Define \(\phi_\rho(u) = \begin{cases} 1 & u\in (-\infty, 0)\\ 1-\frac u\rho & u\in [0, \rho]\\ 0 & u\in (\rho, \infty) \end{cases}\) The $\rho$-margin loss is \(L_\rho(y, t) = \phi_\rho(y\cdot t)\,.\)

Note that

\[\hat R_{L_\rho}(f) = \frac 1n \sum_{i=1}^n\phi_\rho(y_if(x_i)) \le \frac 1n\sum_{i=1}^n\sum_{i=1}^n\1(y_if(x_i)\le \rho)=:\hat R_\rho(f)\,.\]

If $f(x) = w^Tx$ and $\Vert w\Vert_2=1$, then $\vert w^Tx\vert$ is the distance from $x$ to the hyperplane defined by $\{x: x^Tw=0\}$, which is known as the geometric margin, while $w^Tx$ can be called signed distance.

Both LDA and SVM have talked about the signed distance, refer to Figure 4.15 of ESL for more details.

The basic margin bound is as follows:

Let $\cF\subseteq [a, b]^\cX$ and fix $\rho > 0, \delta > 0$. With probability at least $1-\delta$, for all $f\in \cF$,

\[R(f)\le \hat R_\rho(f) + \frac 2\rho \cR_n(\cF) + \sqrt{\frac{\log \frac 1\delta}{2n}}\,.\]

Then, he talked about Rademacher Complexity, which is a measure of the richness of a class of real-valued functions. Before that, I have heard VC dimension, and asked about the relationship between VC dimension with this lesson, Prof. Wicker said that he will prove VC inequality using today’s material.
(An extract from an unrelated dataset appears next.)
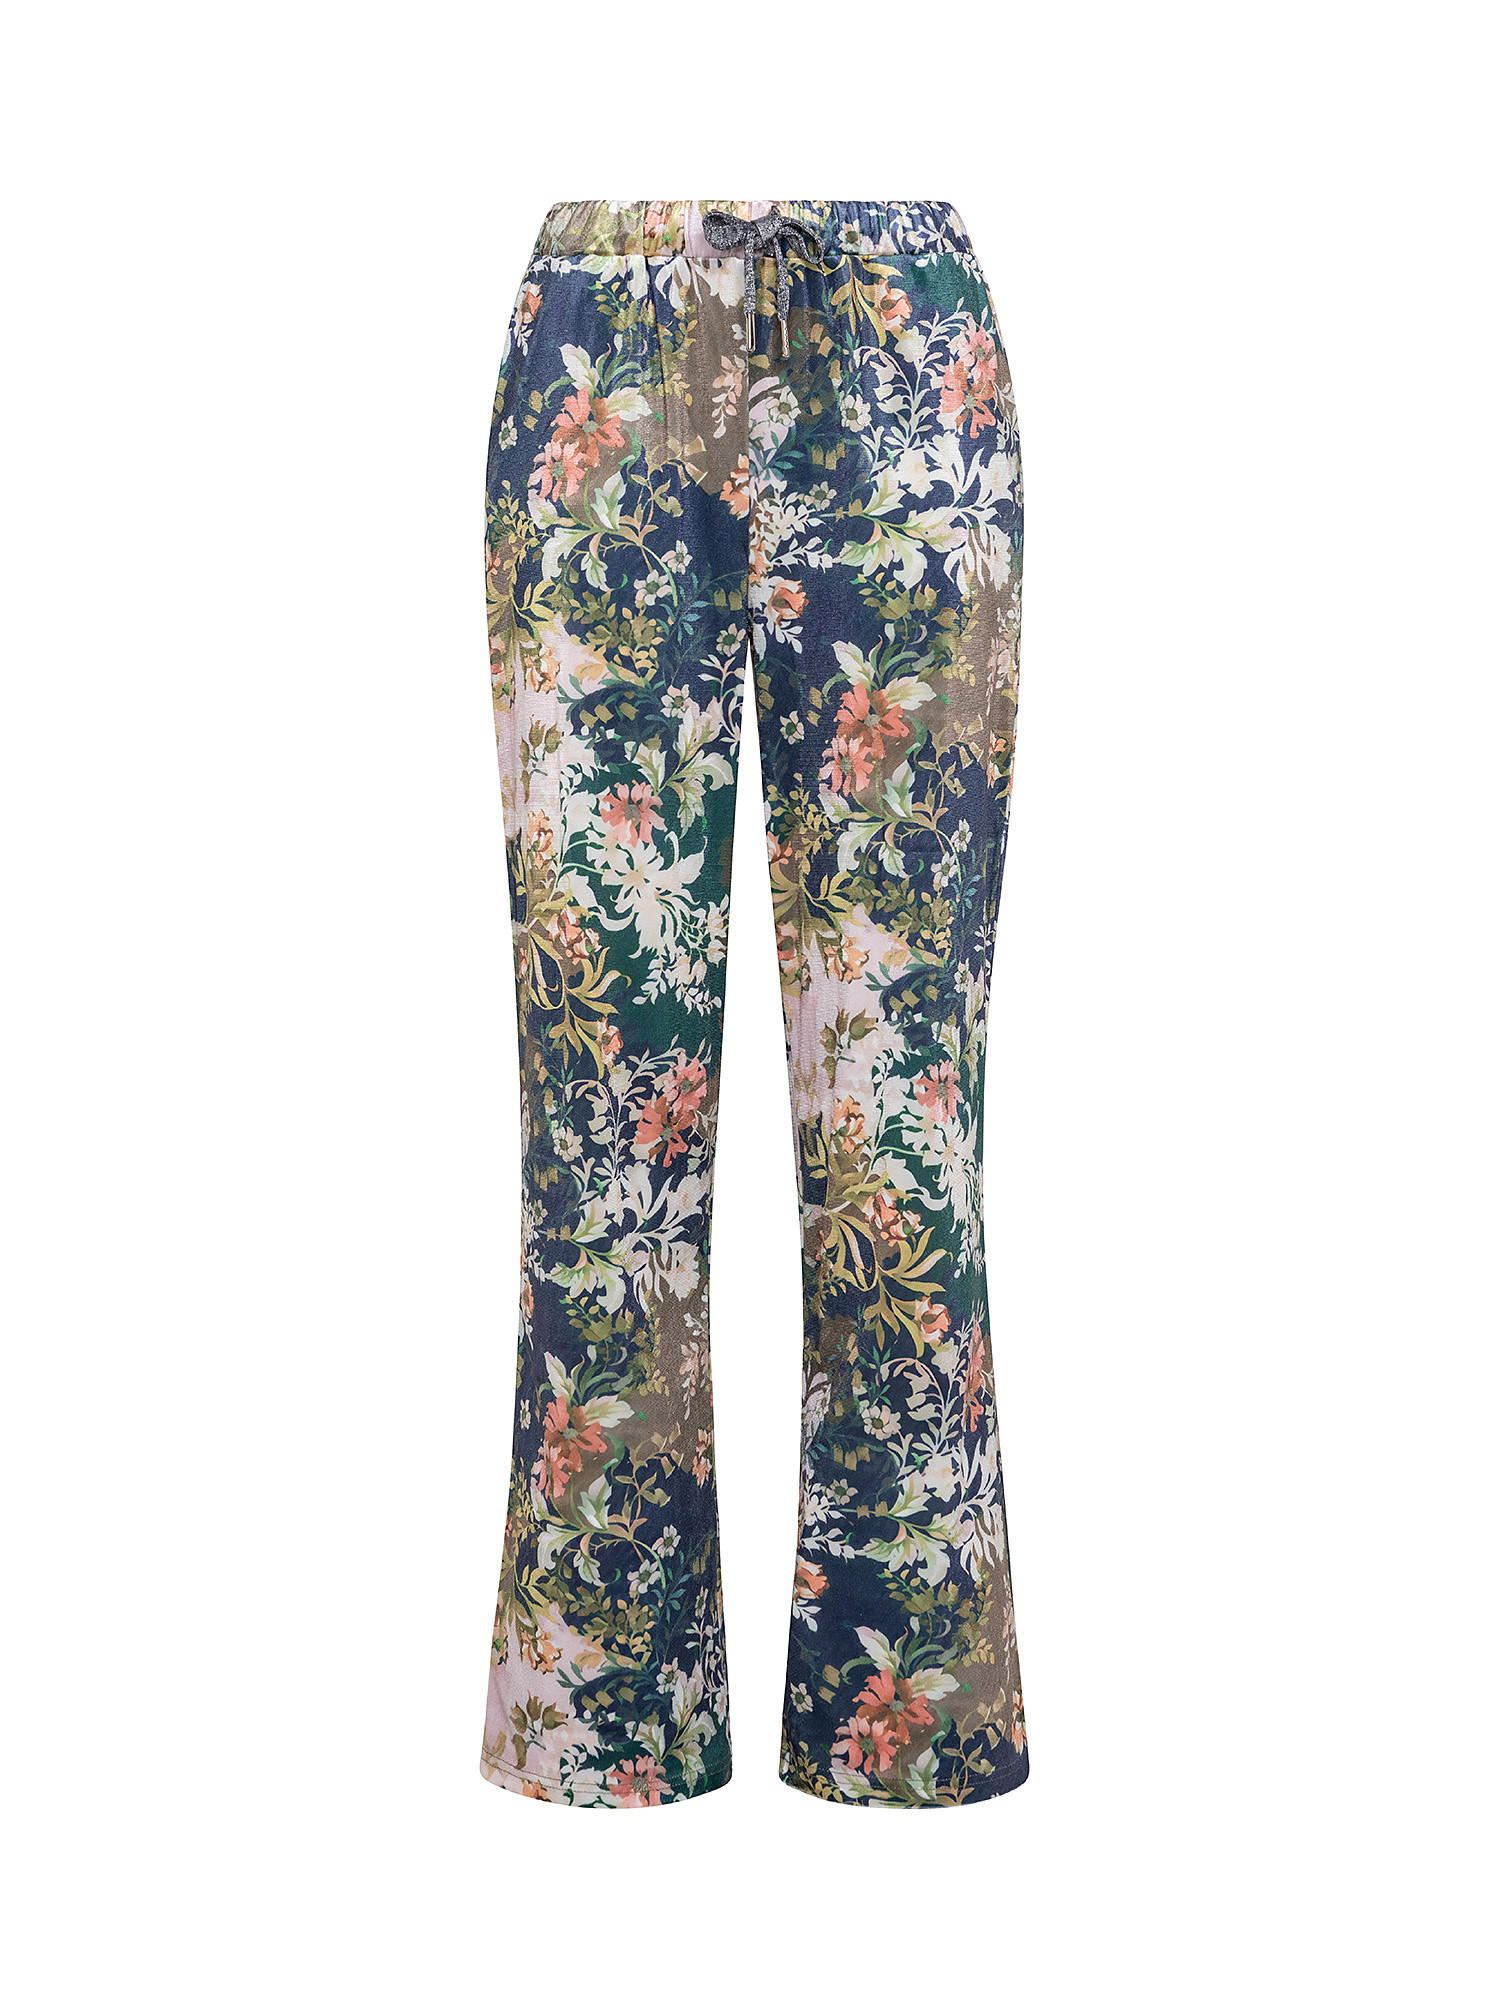 Велюровые брюки с цветочным принтом Koan Knitwear, мультиколор брюки велюровые на меху клариса

It is reported that, unlike VC dimension, Rademacher complexity is not restricted to binary functions, and will also prove useful in the analysis of other learning algorithms such as kernel-based algorithms.

Formally, let $\cG\subseteq [a, b]^\cZ$ be a set of functions $\cZ \rightarrow [a, b]$ where $a, b\in \IR, a < b$. Let $Z_1,\ldots, Z_n$ be iid random variables on $\cZ$ following some distribution $P$. Denote the sample $S = (Z_1,\ldots, Z_n)$.

The empirical Rademacher complexity of $\cG$ with respect to the sample $S$ is

\[\hat \fR_S(\cG) \triangleq \E_\sigma\left[\sup_{g\in \cG}\frac 1n\sum_{i=1}^n\sigma_ig(Z_i) \right]\]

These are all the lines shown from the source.